Answered array_view memory restrictions

  • Thursday, August 16, 2012 8:25 PM
     
     

    Hello,

    I'm trying to implement c++ AMP in my native c++ convolutional neural network library. But I don't quite understand how you can copy something like a vector<vector<vector<int_2>>> connections; to an array_view (on the gpu memory) when there is no fixed width in the number of elements in connections in every dimension. All the c++ AMP samples I've already explored have always a rather simple data structure. I was also wondering if it is possible with c++ AMP to create your memory structures directly on the GPU without some sort of copying an array from cpu side.

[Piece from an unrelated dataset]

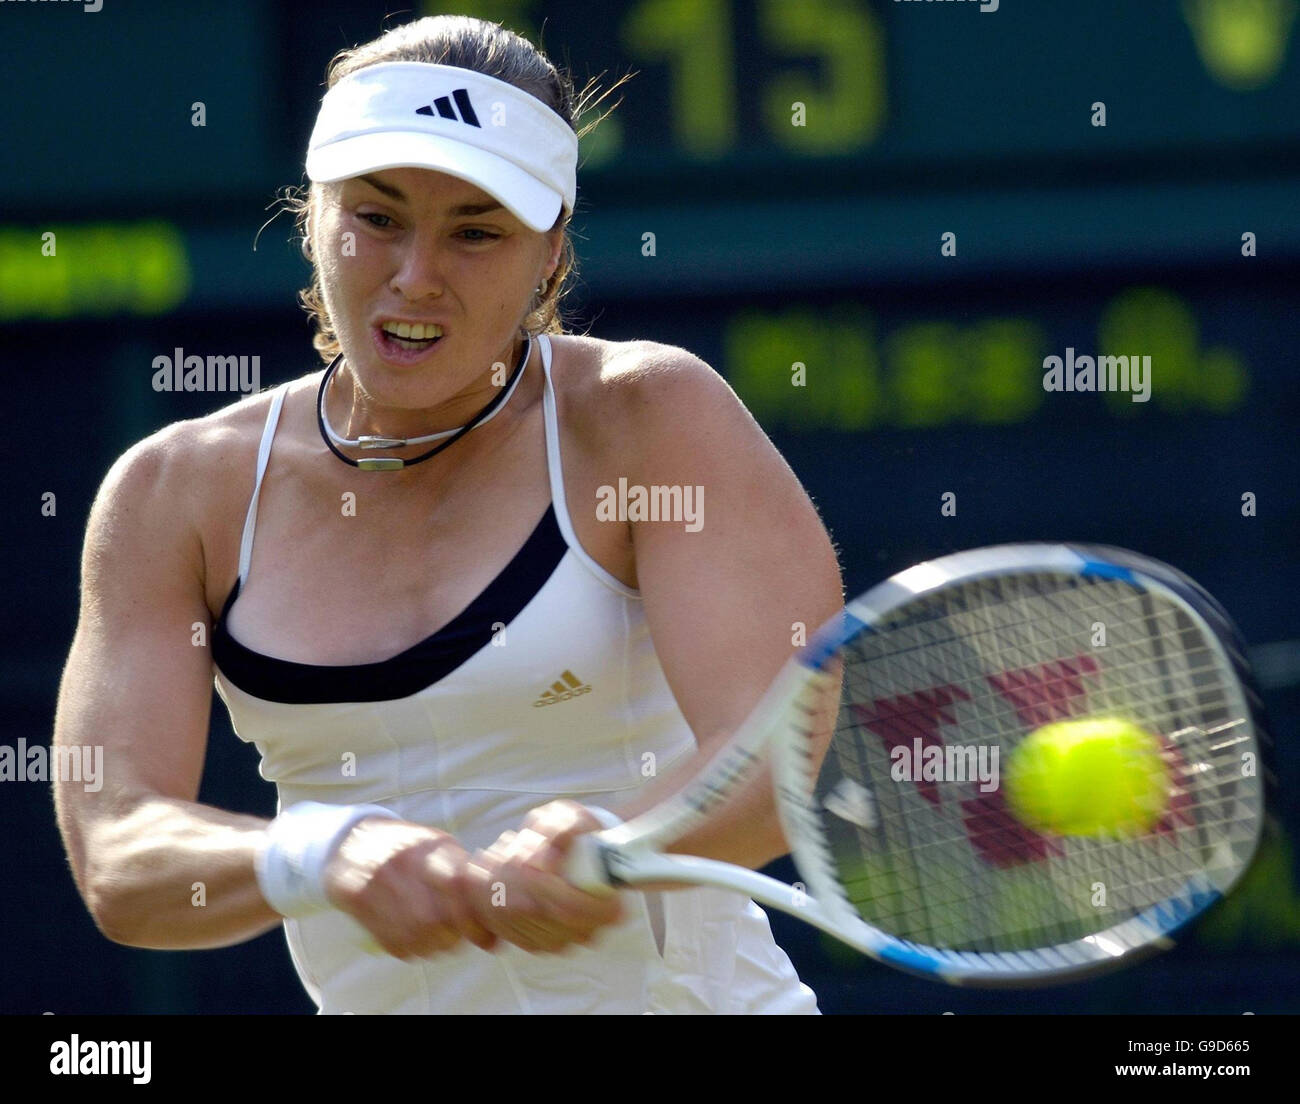 Martina Hingis della Svizzera in azione contro ai Sugiyama del Giappone durante il terzo round del campionato di tennis al prato dell'Inghilterra a Wimbledon. Foto Stock

    (hope this make some sense)

    thanks,

    Filip  


    • Edited by Zamirra Thursday, August 16, 2012 8:28 PM
    •  

All Replies

  • Monday, August 20, 2012 7:34 PM
    Owner
     
     Answered

    Hi Zamirra,

    C++ AMP requires the data source underlying an array_view to be contiguous in memory. However, you can build a higher level abstraction of a multidimensional container with varying sizes of sub-arrays, by using an underlying storage (array_view) that is contiguously laid out in memory and an auxiliary array_view that contains the offsets of the respective sub-arrays within the actual underlying contiguous storage.

    For example, a 2 dimensional arrays of arrays will look like the following. Note that this does not provide a dynamically growing container like std::vector does.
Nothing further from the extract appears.